Loving Richard Parker

Imagine a fictional story that invokes Aesop’s Fables, Rudyard Kipling’s Jungle Book and War Horse. Yann Martel’s multi prize-winner, Life of Pi (Wyndham’s Theatre), is a philosophical tale which was adapted into a memorable film experience by Ang Lee in 2012. This stage version, written by Lolita Chakrabarti, is a dichotomy of the prosaic and the fantastical. Pi (real name Piscine Patel) grows up in a zoo in Pondicherry, India, a young man with an interest in metaphysics and spirituality, influenced no doubt by growing up with animals. Political violence drives his family out of their home and he finds himself on board a cargo ship which sinks in the middle of the Pacific Ocean. He is stranded on a lifeboat with four animals – a hyena, a zebra, an orangutan, and a Royal Bengal tiger. Only Pi and the tiger, called Richard Parker, survive the 227 day ordeal.
It starts in a drab hospital in Mexico with Pi being questioned by bemused officials from the Canadian Embassy and the Japanese Ministry of Transport in search of the “truth”. As Pi begins to narrate his upbringing and epic voyage the drab transforms into dazzling, creating a show that is a visual spectacle of incredible effects and phenomenal puppetry. The first half of the show is all about context and setting the scene for the amazing adventure that is to follow and as a result feels leaden footed in comparison. Nevertheless, the contrast makes our appreciation of the transformation that much greater with Richard Parker’s entrance being a jaw-dropping movement. His every move and sound that of a majestic feline.
The puppets are so life-like and designers Nick Barnes and Finn Caldwell have excelled in also giving us a gorgeous giraffe, dancing butterflies, a feral hyena, Orange Juice the Orangutan, Black and White the Zebra and Buckingham the Goat who ends up being fed to the tiger in a scene that breaks Pi’s heart as he cannot bear seeing harm done to any animal. A harsh reality that becomes ever more vivid at sea when the hyena kills the zebra and orangutan and the hyena is then slain by Richard Parker.
Hiram Abeysekera’s Pi is Mowgli like in movement, leaping around the boat with ape like alacrity. His inquisitive mind that of a budding philosopher and witticisms way beyond his years combined with heaps of personality making him a very loveable soul. His initial love-hate relationship with the tiger evolves (needs must) into a mutual respect and understanding which is personified by his hallucination of the beast talking to him, a scene that encapsulates what can happen to the brain when deprived of food and water.
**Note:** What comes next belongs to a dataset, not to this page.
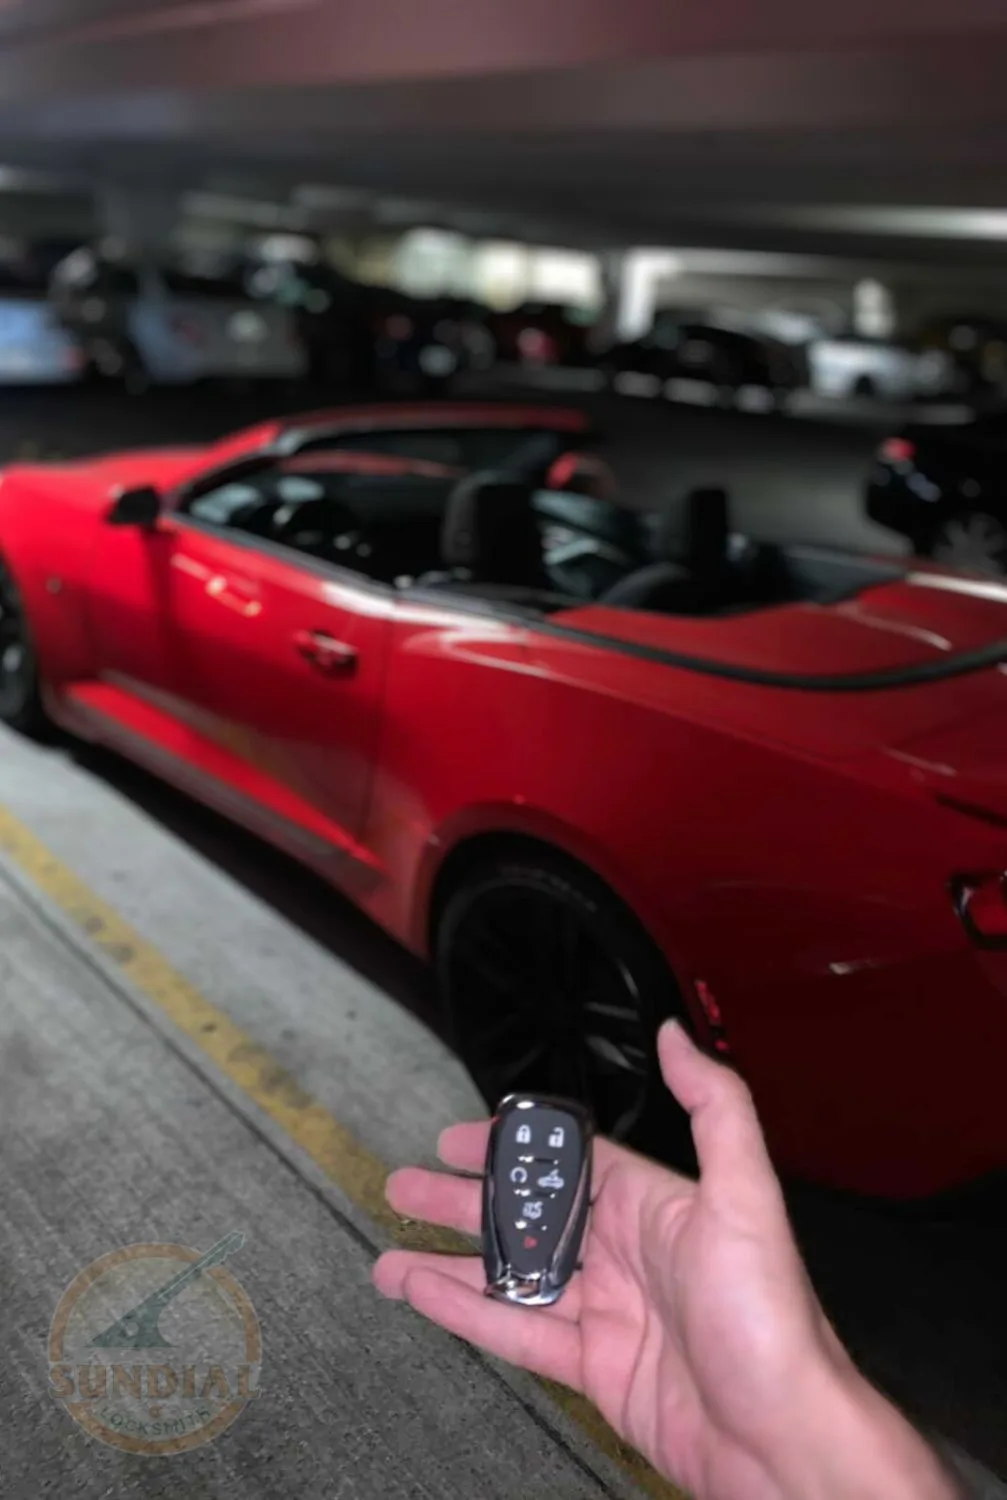 A hand presenting a car key fob against the background of a sleek red sports car at night.

The scenes at sea are a thing of wonder with video projections by Andrzej Goulding, lighting by Tim Lutkin and sound by Carolyn Downing bringing the stormy Pacific to life on the Wyndham stage. The end picture of Pi and Richard Parker sat together under a star-spangled sky is beautiful and poignant. By which point Pi has confessed “I love you Richard Parker”. So say all of us.
And Gracia Erinoglu finds her way through the maize…
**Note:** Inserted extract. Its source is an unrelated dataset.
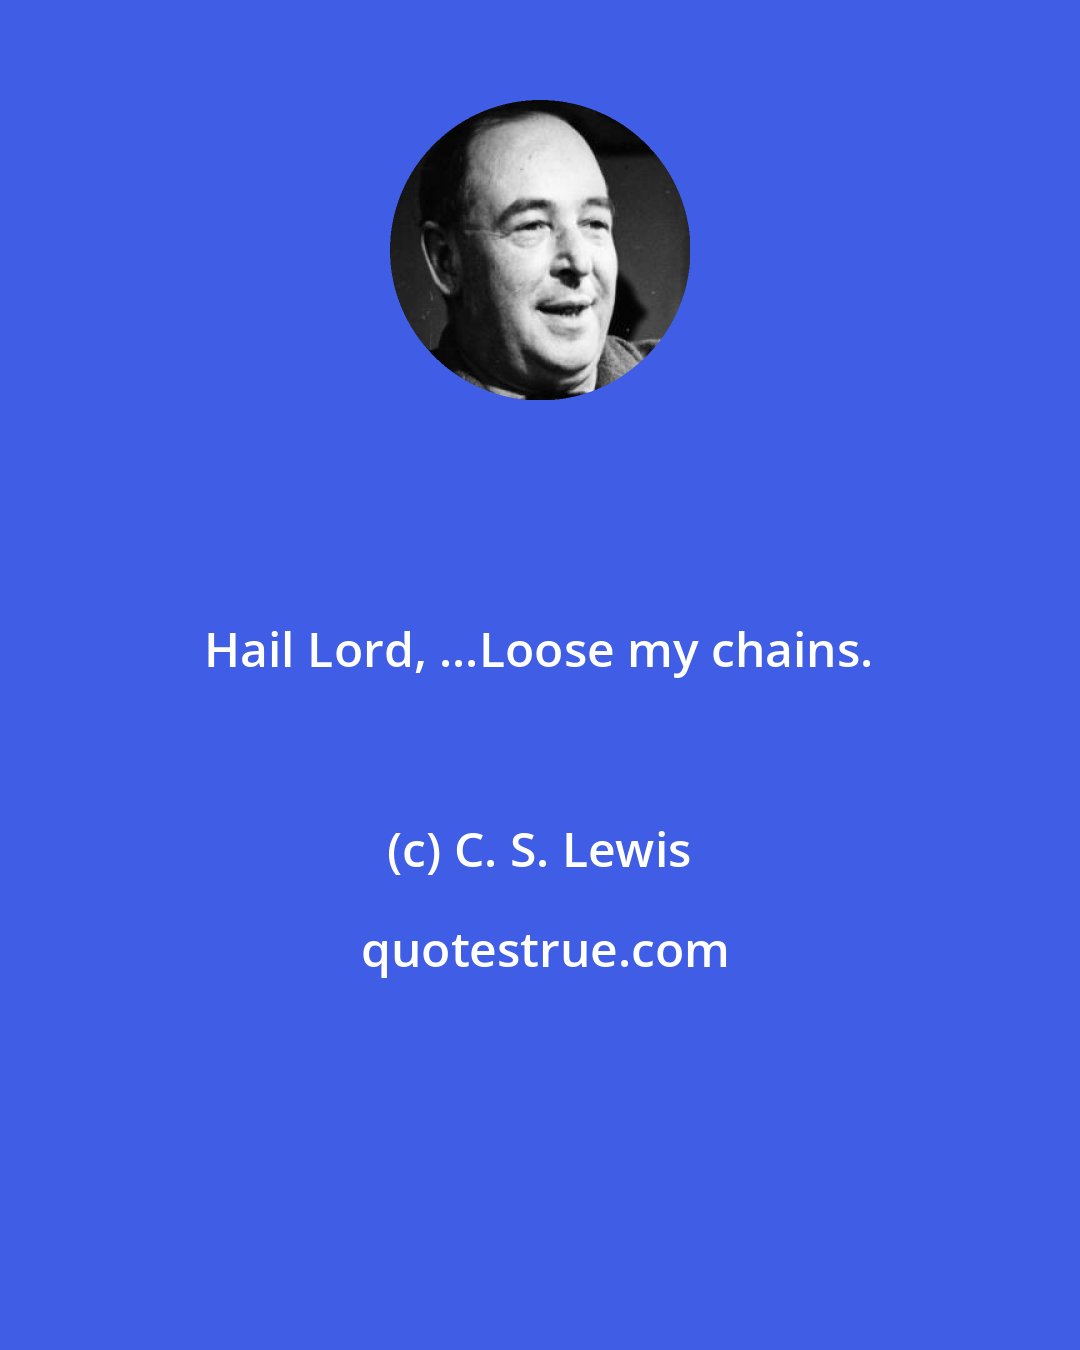 C. S. Lewis: Hail Lord, ...Loose my chains.

Emlyn Williams’s semi-autobiographical 1938 play The Corn is Green (National Theatre) is complex but ultimately satisfying. Wealthy suffragette Miss Lily Moffat (Nicola Walker) arrives in rural North Wales, determined to help young local miners out of poverty by teaching them to read and write. Lily soon spots talent in the unruly Morgan Evans (Iwan Daview). The community are not amused. She has a fight on her hands. There is a lot going on with sub plots aplenty. Fortunately we have an on stage narrator, Emlyn Williams (Gareth-David Lloyd) who keeps us in the picture.
In essence this is a social commentary on many things that afflicted society at that time. Moffat’s privilege is juxtaposed with the toil and hardship of a conflicted mining community. Dominic Cooke’s production is brought to a crescendo of emotion as the various protagonists get their comeuppance. The Welsh wit and caustic sarcasm is a delight, especially when putting Miss Moffat in her place. She carries on doggedly determined to get Evans to Oxford. He suffers imposter syndrome, now rejected by his own and not accepted by the elite.
An excellent production which also includes a Welsh male voice choir providing heavenly sounds.